At the end of the war a group of White Russian émigré children, who had been evacuated by the Germans from Belgrade, had ended up in the Soviet Zone. Their parents knew where they were. One enterprising mother had simply gone to the home where they were lodged and managed to come away with eight of them. An officer there had told her to take as many as she liked, but that if they were not retrieved soon they would be taken to the USSR. Five other mothers then went to the school, and after a certain amount of drama they were also given their children. The rest went off to Russia in February 1946. Senior UNRRA officials pursued the case, suggesting diplomatically that the Russians had perhaps not been aware that the children in fact had living parents. In June, the Soviets agreed to meet with a group of parents, in the presence of American officials, to see if their claims to the children were valid. It was rather an extraordinary encounter between White and Red Russians:

At first the parents were a little nervous, but as time went on they seemed more at ease and in fact there was apparently some amusing conversation. The hearing was extremely well … conducted according to the White Russian.… He mentioned that some of the remarks and comments made by both parents and officers were highly amusing and witty.… Hardly had the last parent left the room than a very spirited discussion started—democracy versus communism, with the White Russian staff member holding his own. The young American officer listened rather tensely, but informed me that both sides were exceedingly well informed and that the discussion was an interesting one. He did not participate.

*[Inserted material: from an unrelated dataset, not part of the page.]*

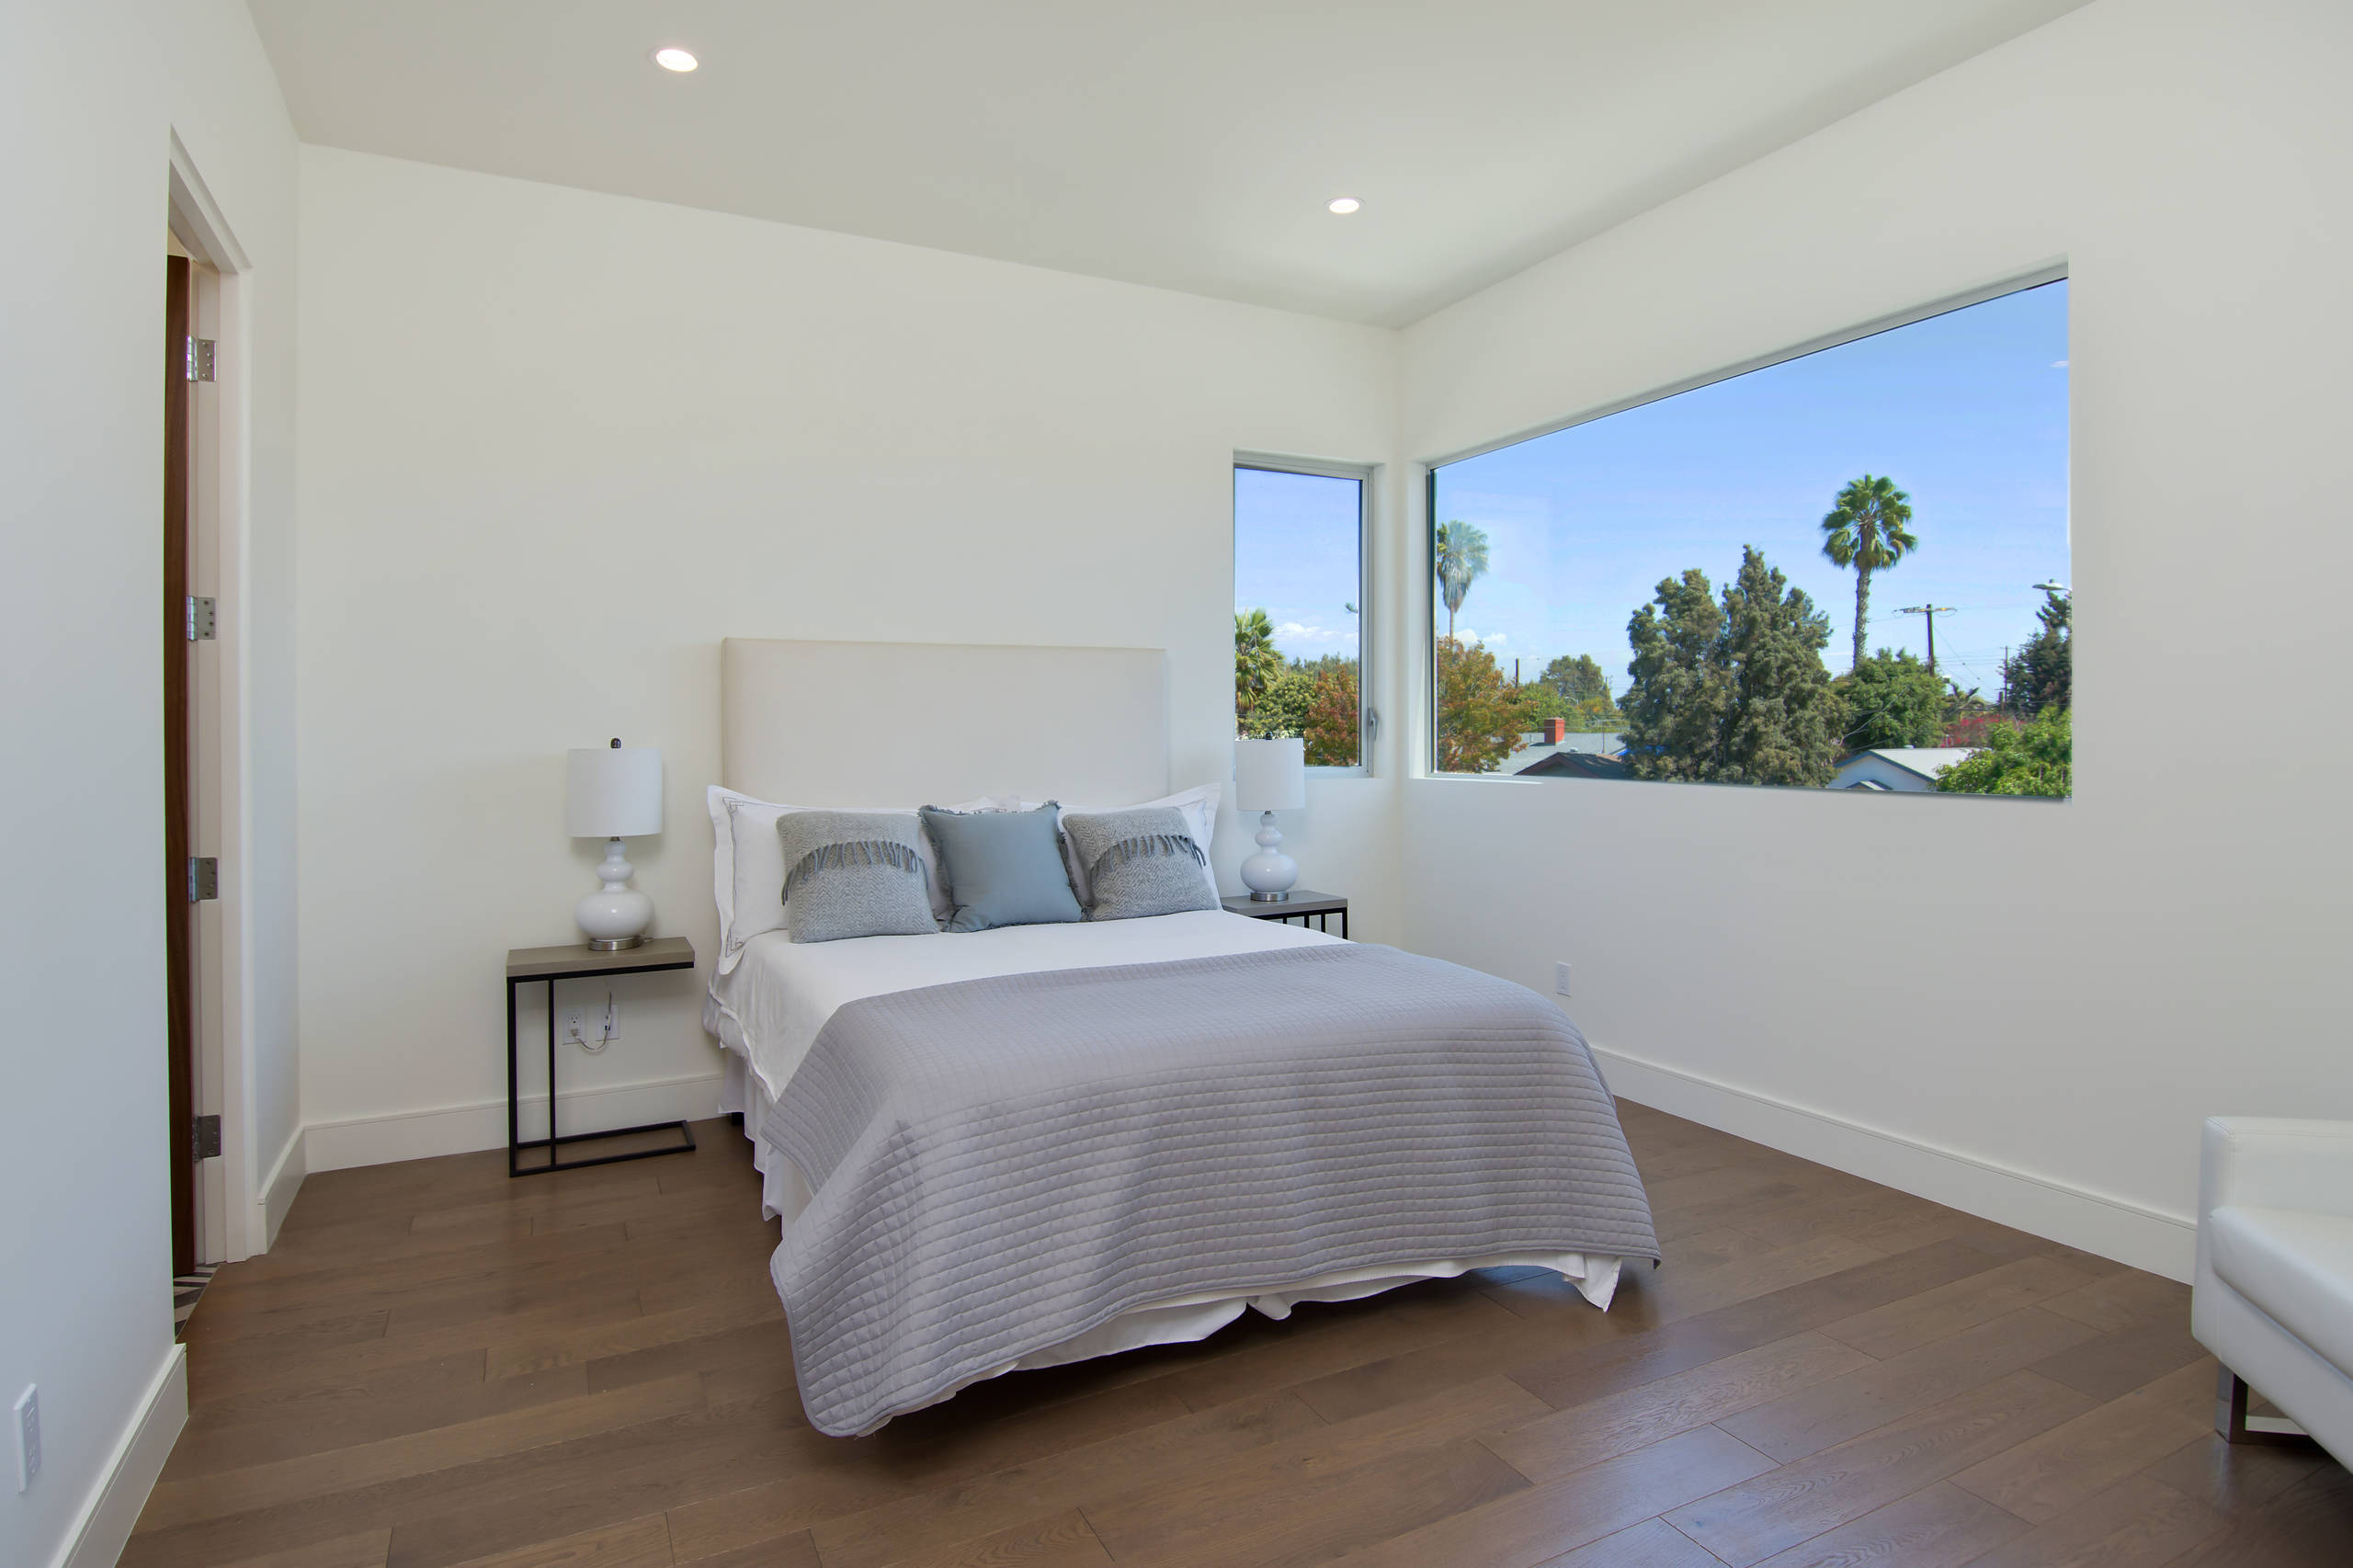 Bedroom | Hallmark Moderno, Mohegan Oak, Venice, CA - Michelle Anaya

A few weeks later, the children were brought back to Germany. The Soviets were happy to return them to their parents, but wanted the parents to come to the home where the children were lodged, as they wanted them “really to understand that the children have had good care.” But the émigrés were afraid to go to the Russian Zone, so the children, who “sang Russian songs quite lustily most of the time” on the train, were instead brought to the DP camp where their parents were living and handed over in a little ceremony “carried out with dignity and restraint.” Each family was called in turn and requested to “sign a paper stating that they had received their children and that they were in good condition. Each parent was asked to write a statement of appreciation on the back of the form.” Only one refused. The UNRRA observers, who had expected all sorts of propaganda and unpleasantness, reported with some amazement that
the Soviet officers “were sympathetic and courteous” with their former countrymen.